/A IMPORTÂNCIA DA MÚSICA NA EDUCAÇÃO INFANTIL

A IMPORTÂNCIA DA MÚSICA NA EDUCAÇÃO INFANTIL

O presente artigo científico volta-se para a importância da musicalidade na educação infantil. Descreve a música como uma forma de linguagem que permite à criança comunicar-se, fazendo uso de gestos, cantos e brincadeiras cantadas. Apresenta a música como excelente ferramenta justamente por contribuir com o desenvolvimento integral da criança, em sua parte cognitiva, social e emotiva. Nessa visão, a música tem sido utilizada nas recreações, nos cânticos, brincadeiras, colaborando com a melhoria e evolução da criança, se fazendo presente nas pequenas atividades desenvolvidas em sala de aula, buscando o incremento de suas atitudes, seu comportamento e melhores hábitos.

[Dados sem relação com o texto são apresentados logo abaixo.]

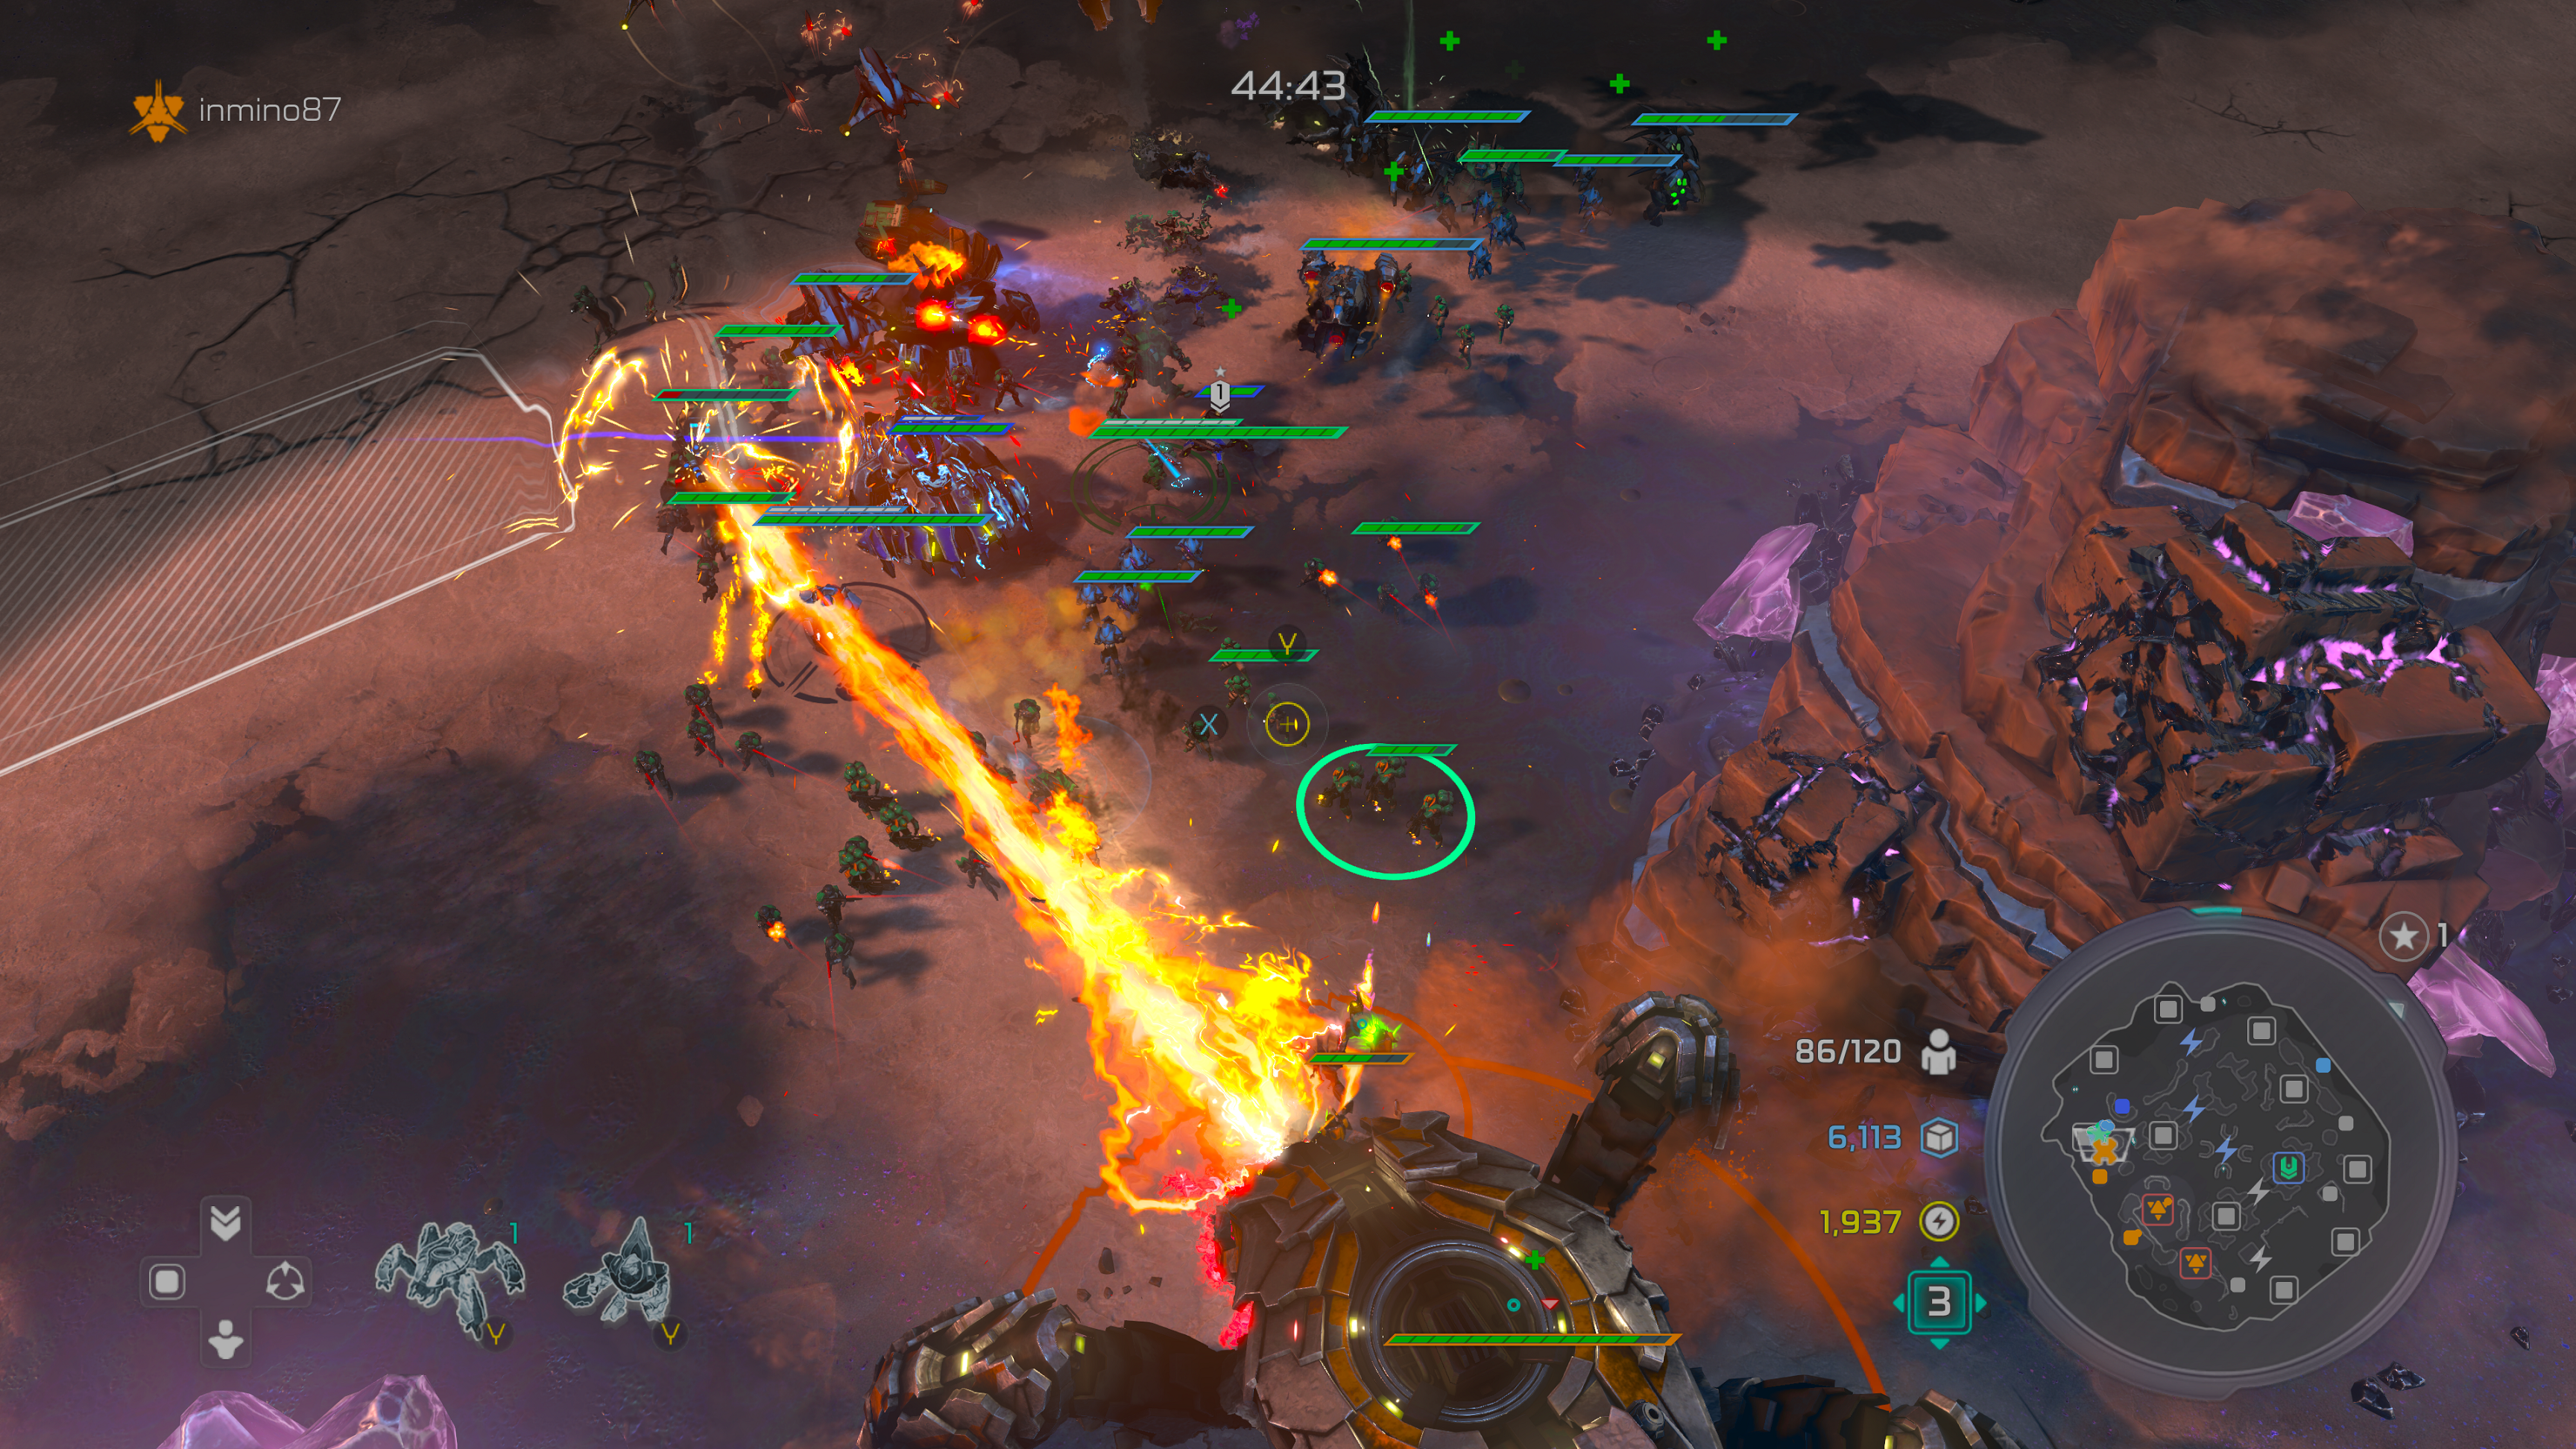 Halo Wars 2 2020-07-25 22-16-41.png

Este trabalho teve como bases de apoio pesquisas bibliográficas, donde foram extraídas conclusões e   opiniões de autores engajados no assunto.

INTRODUÇÃO

A música existe, se faz vigente na vida das pessoas desde muito cedo. Ainda dentro do ventre de sua mãe, a criança tem seu primeiro contato com os sons, com os batimentos cardíacos e aqueles advindos do próprio corpo. Ao nascer, se defronta com outros, com os sons do mundo que o cerca e aqueles próprios da natureza. Durante seus primeiros anos, por dia e dias ouve sua mãe cantarolando com a voz doce e suave, cresce e percebe que o mundo a sua volta é regido pela musicalidade. A música está nos cânticos de ninar, nas brincadeiras, nos brinquedos sonoros, está nas danças, nos momentos fúnebres, nas lutas e ainda funciona como marco em certos momentos. Ela está na vida, nos costumes e tradições de um povo, nas festas e recordações especiais.  A música é simplesmente assim, algo que contribui, auxilia e colabora com a fixação de algumas regras, que possibilita certos aprendizados e ainda ajuda na coordenação.

A música está presente em diversas situações da vida humana. Existe música para adormecer, música para dançar, para chorar os mortos, para conclamar o povo a lutar, o que remonta à sua função ritualística. Presente na vida diária de alguns povos, ainda hoje é tocada e dançada por todos, seguindo costumes que respeitam as festividades e os momentos próprios a cada manifestação musical. Nesses contextos, as crianças entram em contato com a cultura musical desde muito cedo e assim começam a aprender suas tradições musicais. (RCNEI, 1998, p.47)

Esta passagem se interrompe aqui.